Monday 16 July 2012

Hollow

I got a letter from my doctor today. He wasn't happy that I'd decided to cancel the appointment with the Asperger people (this despite him telling me that he didn't believe I had Asperger's). To be fair, I think that it's more likely that I have ADD, not Aspergers. But it makes no difference. There's no point. Getting a diagnosis won't make a damned bit of difference, and as I said to the GP last time: if you think I need a sick note then write one now, because I won't be any difference post-diagnosis. 

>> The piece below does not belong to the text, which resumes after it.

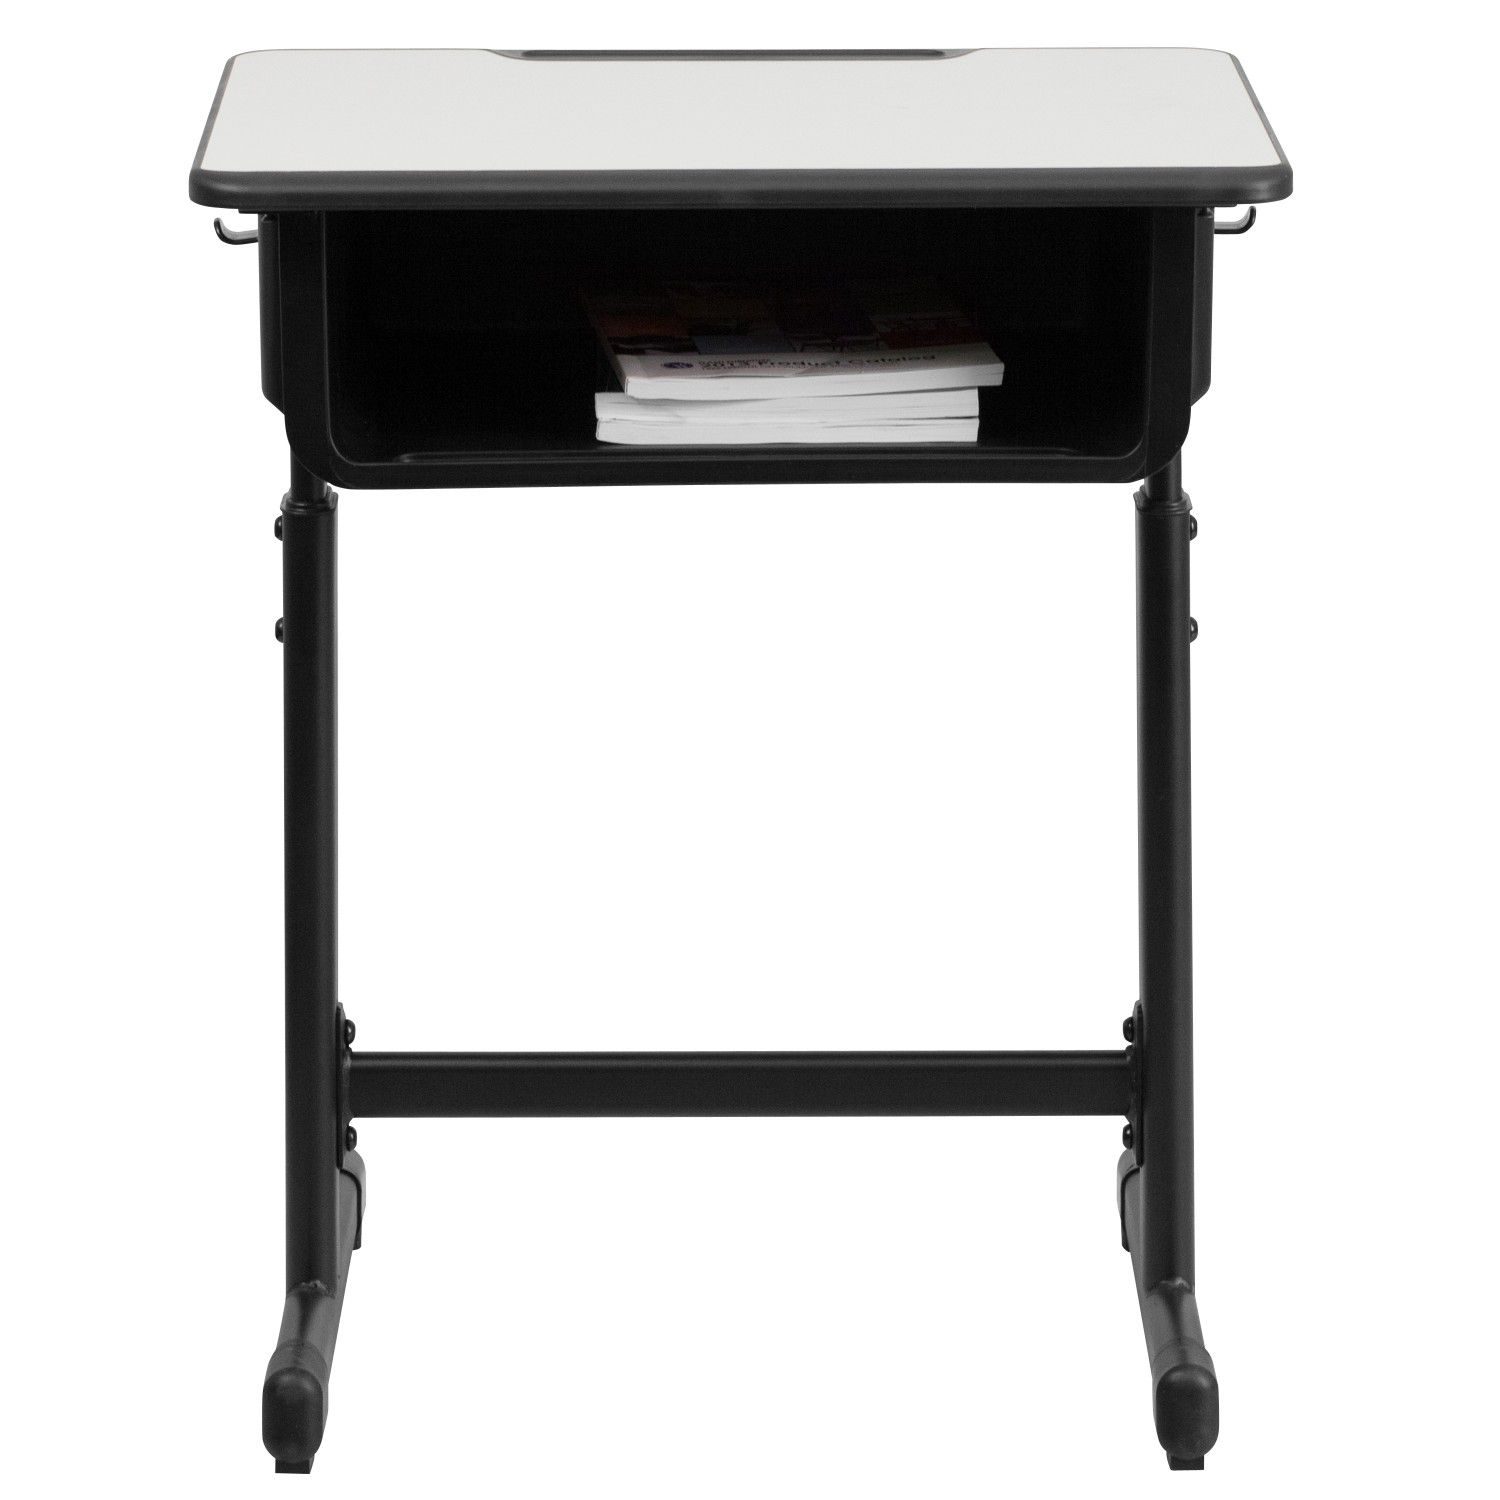 Desk with Grey Top and Adjustable Height Black Pedestal Frame

All a diagnosis would do is tell me what I already know; wehter it's called Aspergers or ADD or whatever makes no difference, I know the issues I have and I know there's no support available. So why waste my time traipsing around town in pursuit of something that might not even come out in my favour? Even DLA is being canned by this government. The bottom line is that I would still have to face the WCA, which I would most certainly not pass - and, if by some miracle, that did happen, I would only end up where I am right now. The Work Related Activity Group. That means remaining on the Work Programme and getting zero support. Quite frankly given how the WP has no training or ability to deal with mental health issues, getting a diagnosis means nothing, and that is the point. It won't make a jot of difference. My GP even agrees that I should be in the WRAG, but at the same time he simply will not write a sick note. Even when I explain to him that in order to get into that position a sick note must be issued to start the process, he just will not. The system along with the media propaganda has convinced him that writing sick notes is signing someone's death warrant; that a sick note means the exact opposite of offering support - even when I explain to him the reality.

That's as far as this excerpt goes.